__What the task asks__:
Beginning with the first line, return the material verbatim and without pictures.

__Data excerpt__:
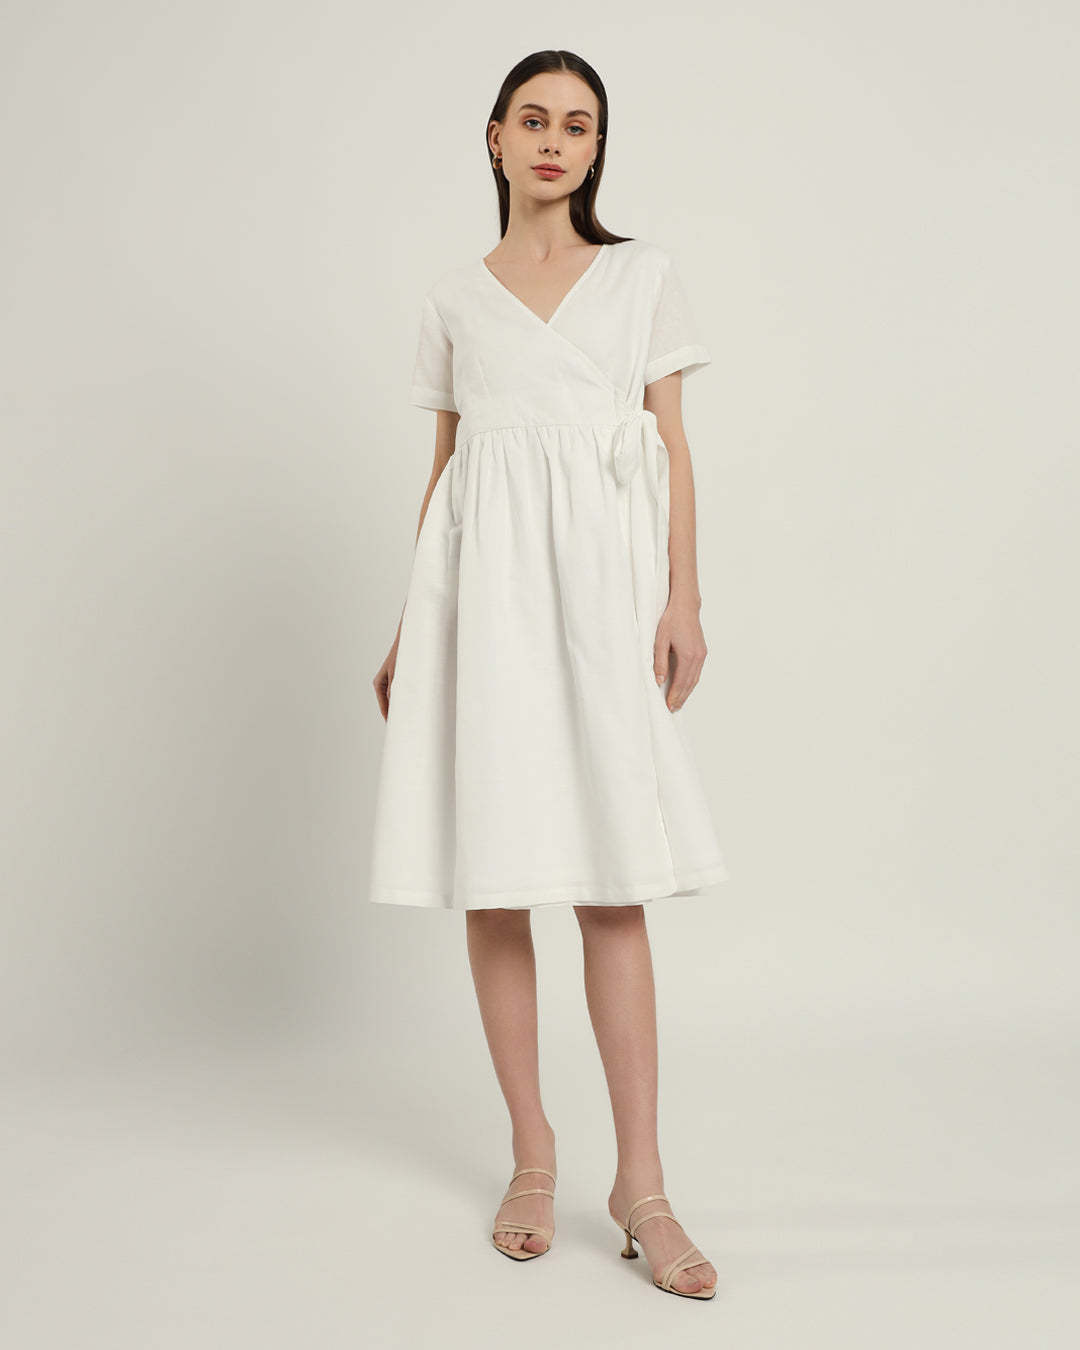 The Miyoshi Daisy White Linen Dress
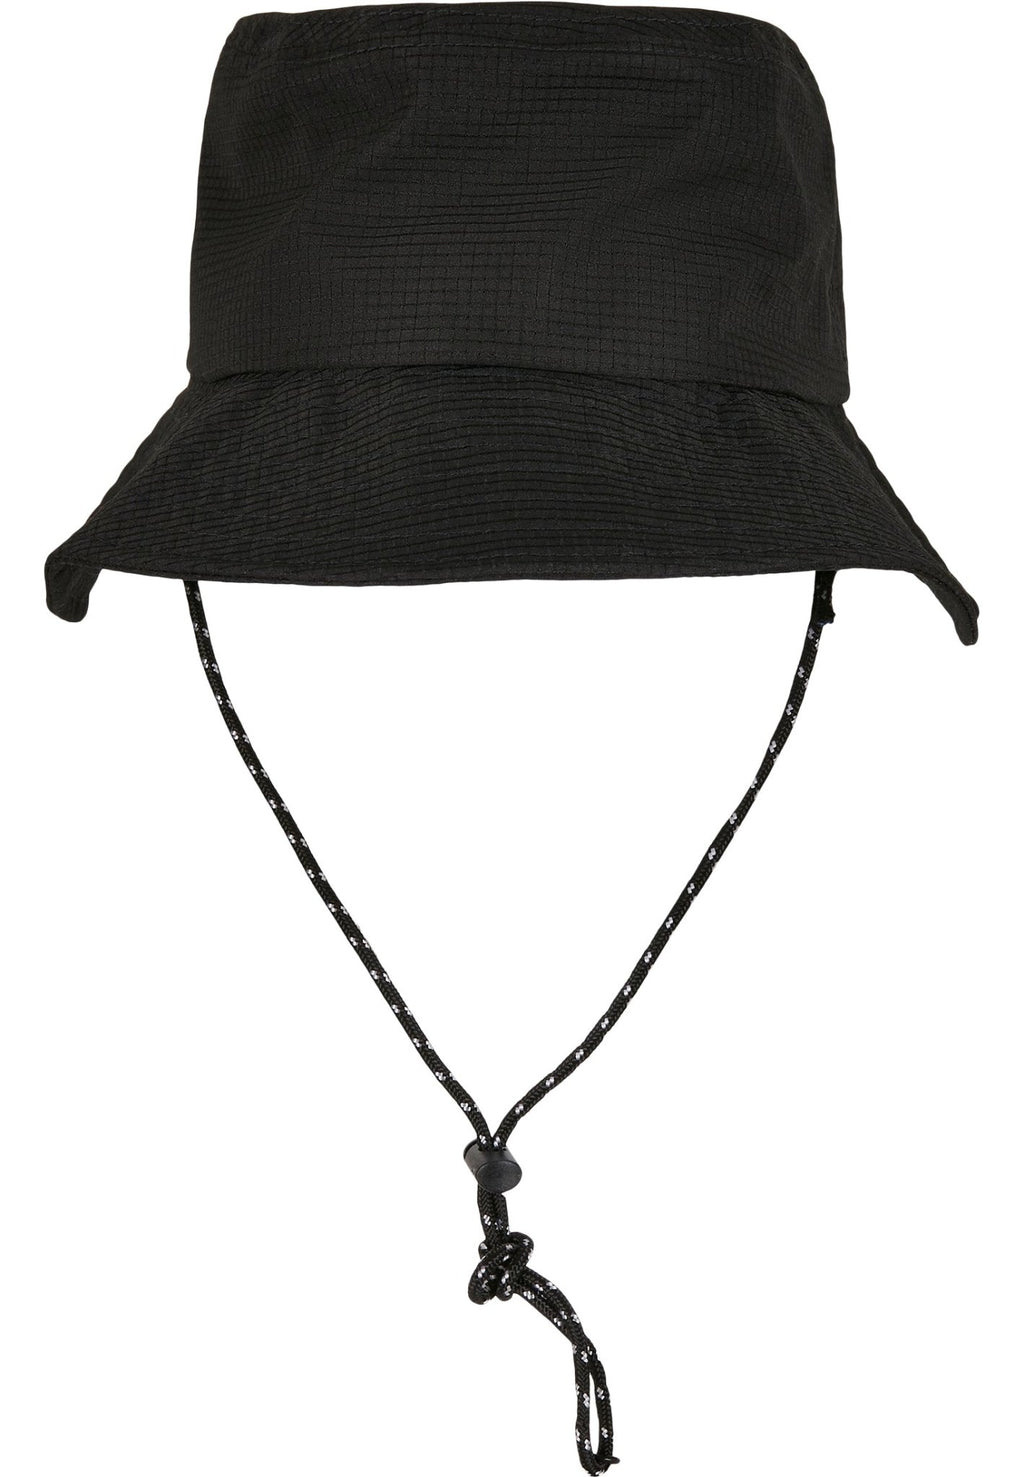 Adjustable Flexfit Bucket Hat - Black
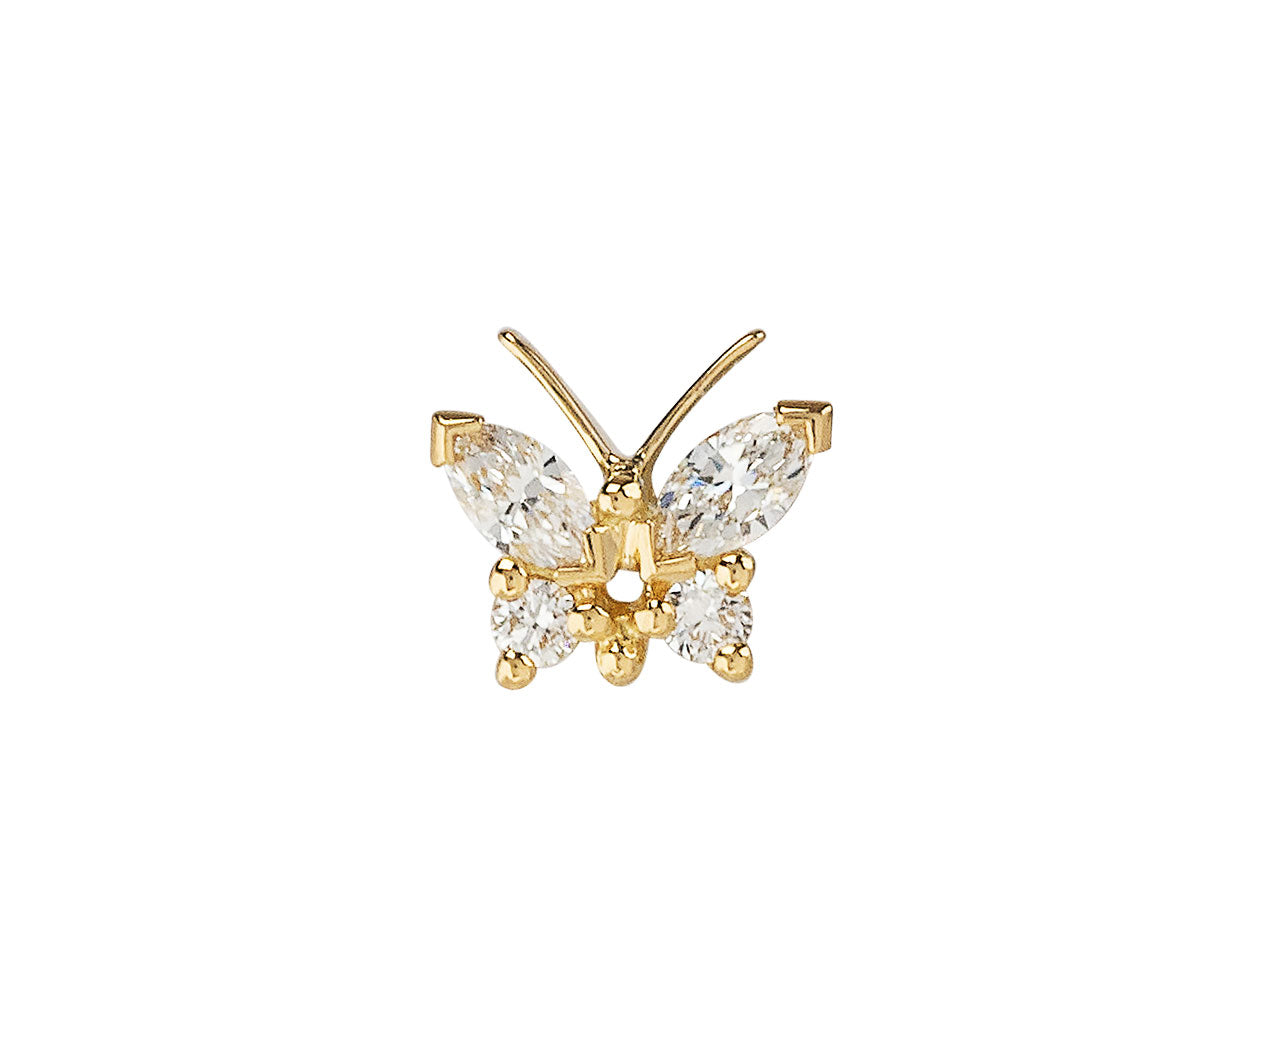 Maria Black 14kt yellow gold Molten diamond stud earring
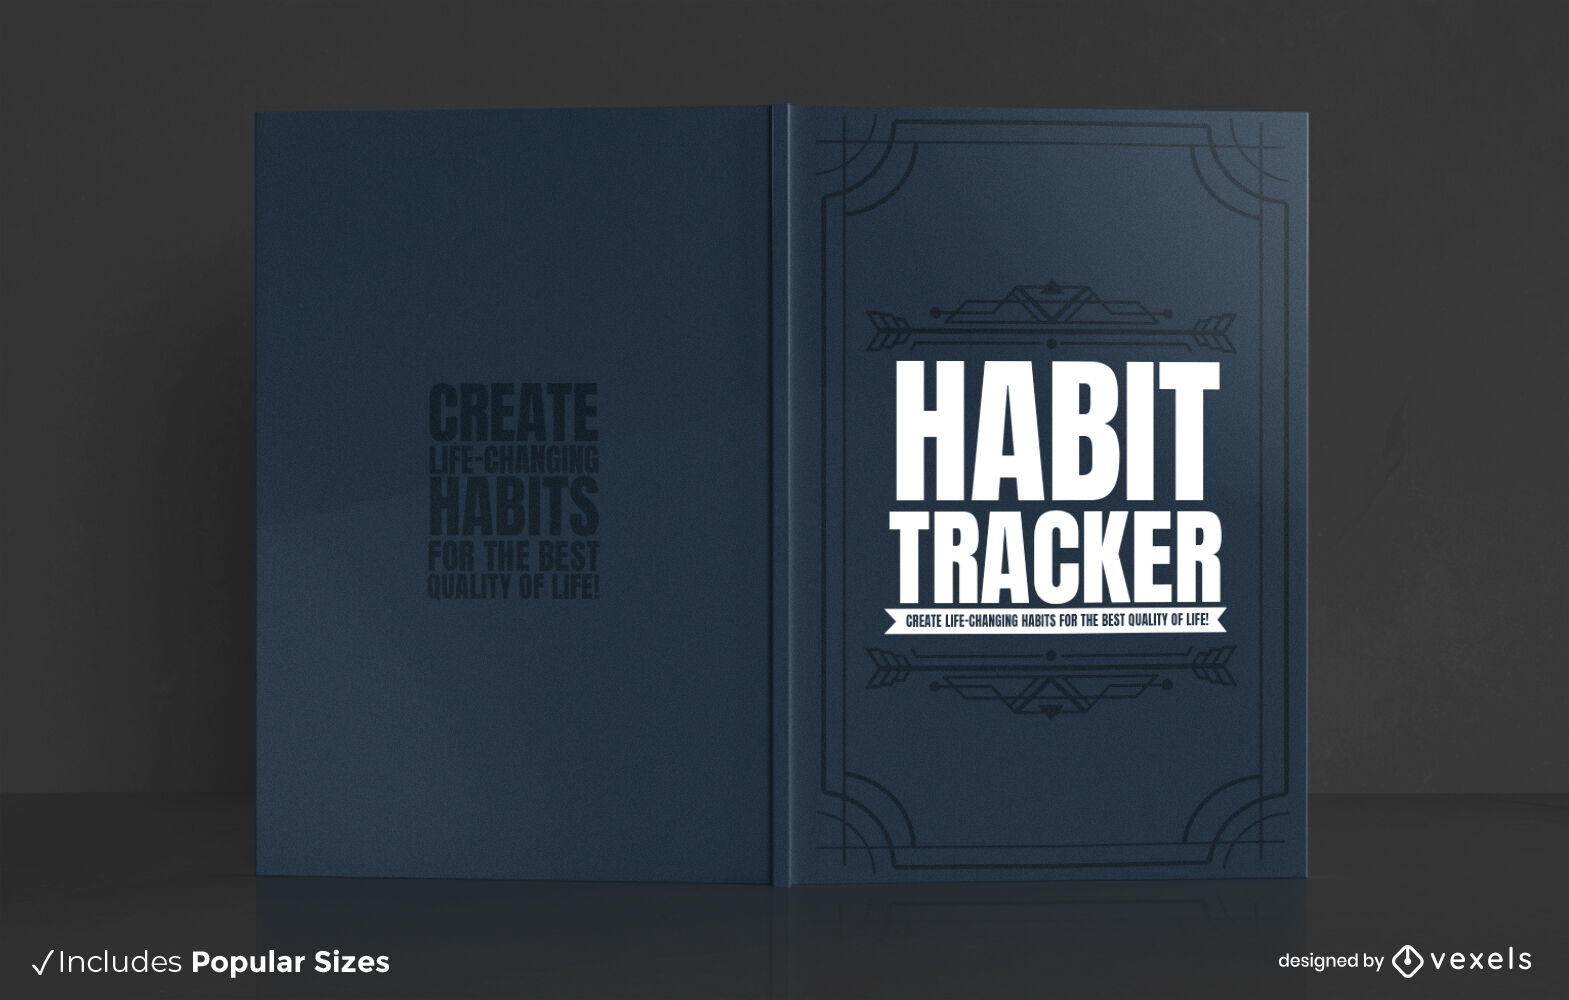 Habit tracker book cover design KDP

__Expected answer__:
 The Miyoshi Daisy White Linen Dress
 Adjustable Flexfit Bucket Hat - Black
 Maria Black 14kt yellow gold Molten diamond stud earring
 Habit tracker book cover design KDP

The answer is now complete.